Viel geredet und besprochen wurde naturgemäß im Vorfeld. Valentina Somaia flitzte oft hinüber zum künftigen Garten, redete mit Interessenten vor Ort, Renate Mayer besprach Dinge wie zum Beispiel die Wasserversorgung mittels Schwengelpumpe mit der Stadtverwaltung, die beiden telefonierten mehrfach täglich miteinander und eine Leitungsgruppe entwickelte in ihren Treffen diverse Punkte, die in die Gartenordnung einflossen. Wie zum Beispiel die biologische Bewirtschaftung des Gartens, den Verzicht von Hütten in den Parzellen und das Verbot von Hunden. Wenn der Betrieb rund läuft, gibt die Leitungsgruppe die Organisation ab, die interkulturellen Gärtner verwalten sich dann selber.

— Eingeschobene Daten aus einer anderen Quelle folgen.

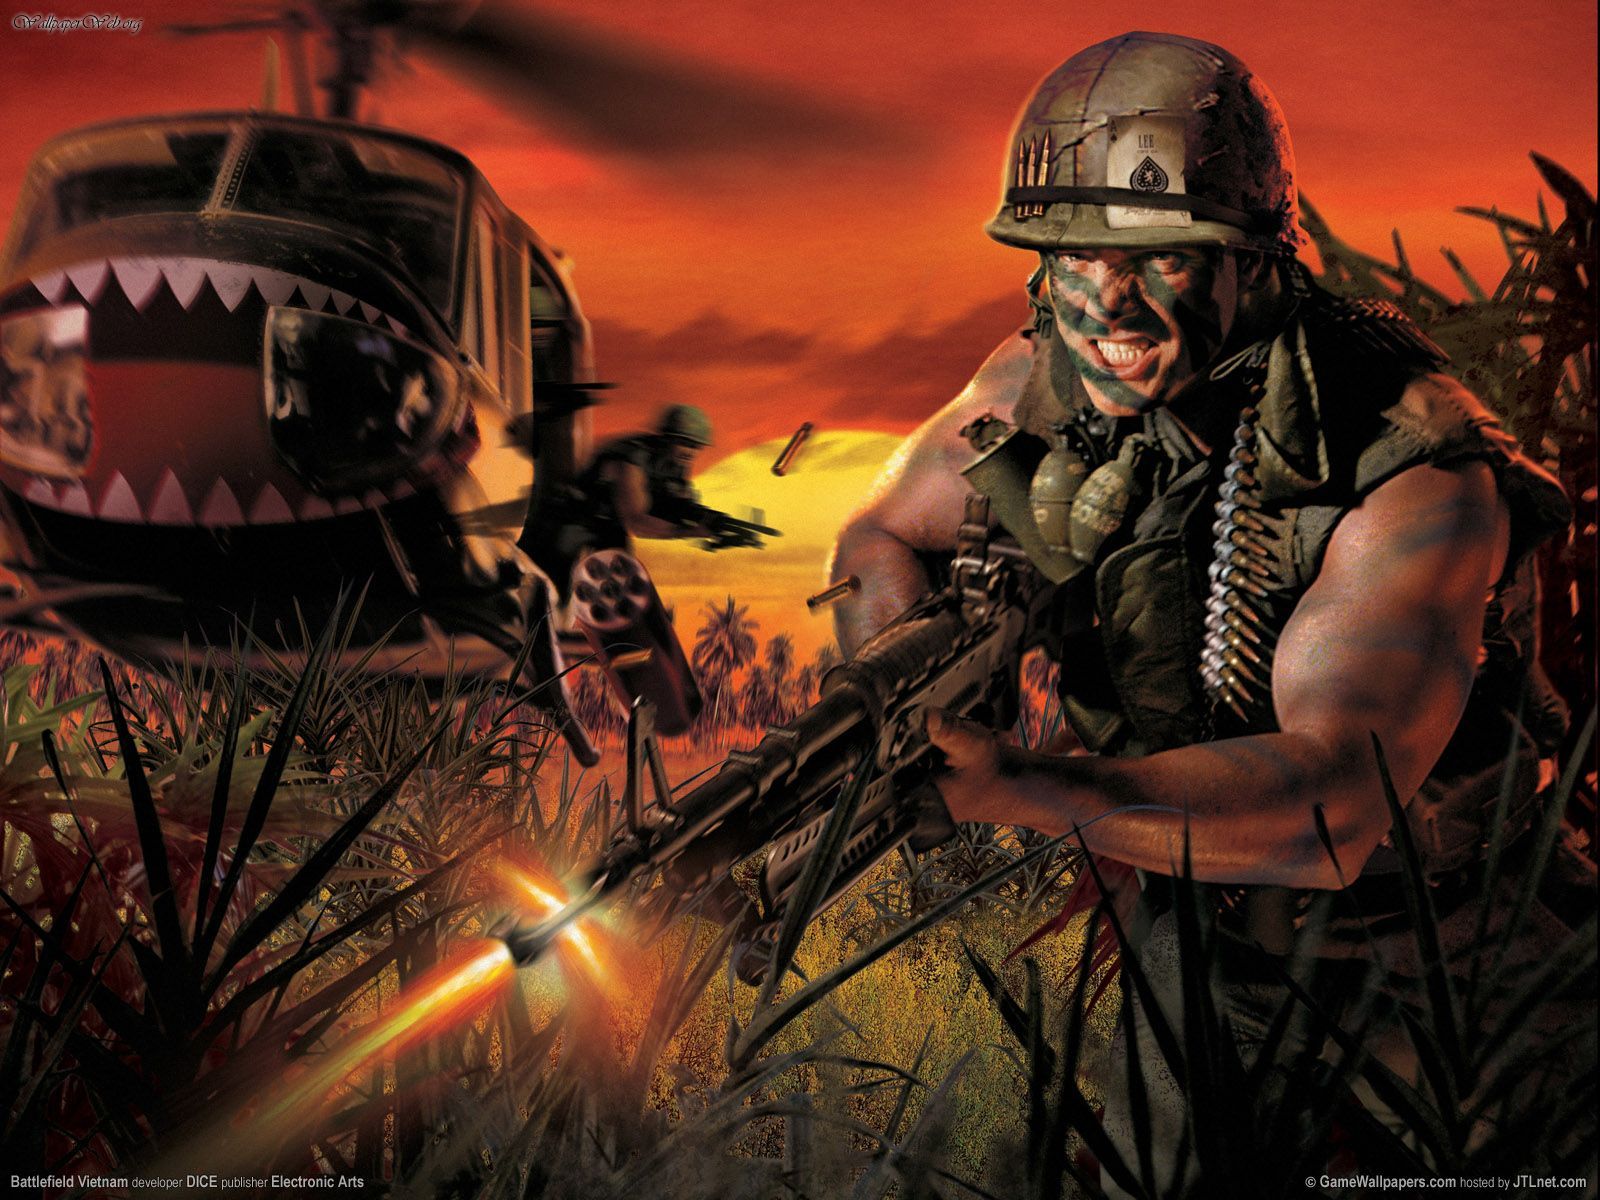 Battlefield Vietnam desktop wallpaper featuring a scenic depiction of the Vietnam War.

Eine Parzelle sieht schon sehr aufgeräumt aus. Thujen kennzeichnen den Eingang, Beete mit Zwiebeln und Paprika sind angelegt, vier Obstbäumchen und einige Johannisbeerbüsche sind gepflanzt. Ein paar Meter weiter lugen winzige Himbeeren aus dem Gras, unter einer Plastikfolie wachsen Tomatenpflänzchen. Und noch ein paar Meter weiter ist eine Gartenumrandung fertig. "Die Steine hätten jahrelang beim Nachbarn vor der Garage gelegen, hat mir der Gärtner strahlend erzählt, und nun hätte es doch noch eine Verwendung dafür gegeben", berichtet Renate Mayer schmunzelnd. Überhaupt scheint der interkulturelle Garten nachbarschaftliche Beziehungen anzukurbeln. Ein Mann und eine Frau, die auf ihrer jeweiligen Parzelle werkeln, stehen auf einmal beieinander und ratschen. Ein ganze Gruppe kleiner bunter Punkte ist am andern Ende des interkulturellen Gartens zu sehen. Die Punkte entpuppen sich als Kinder aus dem Burgauer Kindergarten. "Ein paar Eltern von unseren Kindern sind hier dabei und die Kleinen haben mit so viel Begeisterung von ihrem Garten erzählt, dass wir heute einen Ausflug hierher unternommen haben", erzählt Kindergartenleiterin Hannelore Meerstein. Renate Mayer strahlt. "Für mich ist der interkulturelle Garten jetzt schon eine unheimliche Bereicherung. Ich hoffe, für alle anderen wird er es auch." Und wer weiß, vielleicht gibt es ja irgendwann einen zweiten interkulturellen Garten, am anderen Ende der Stadt.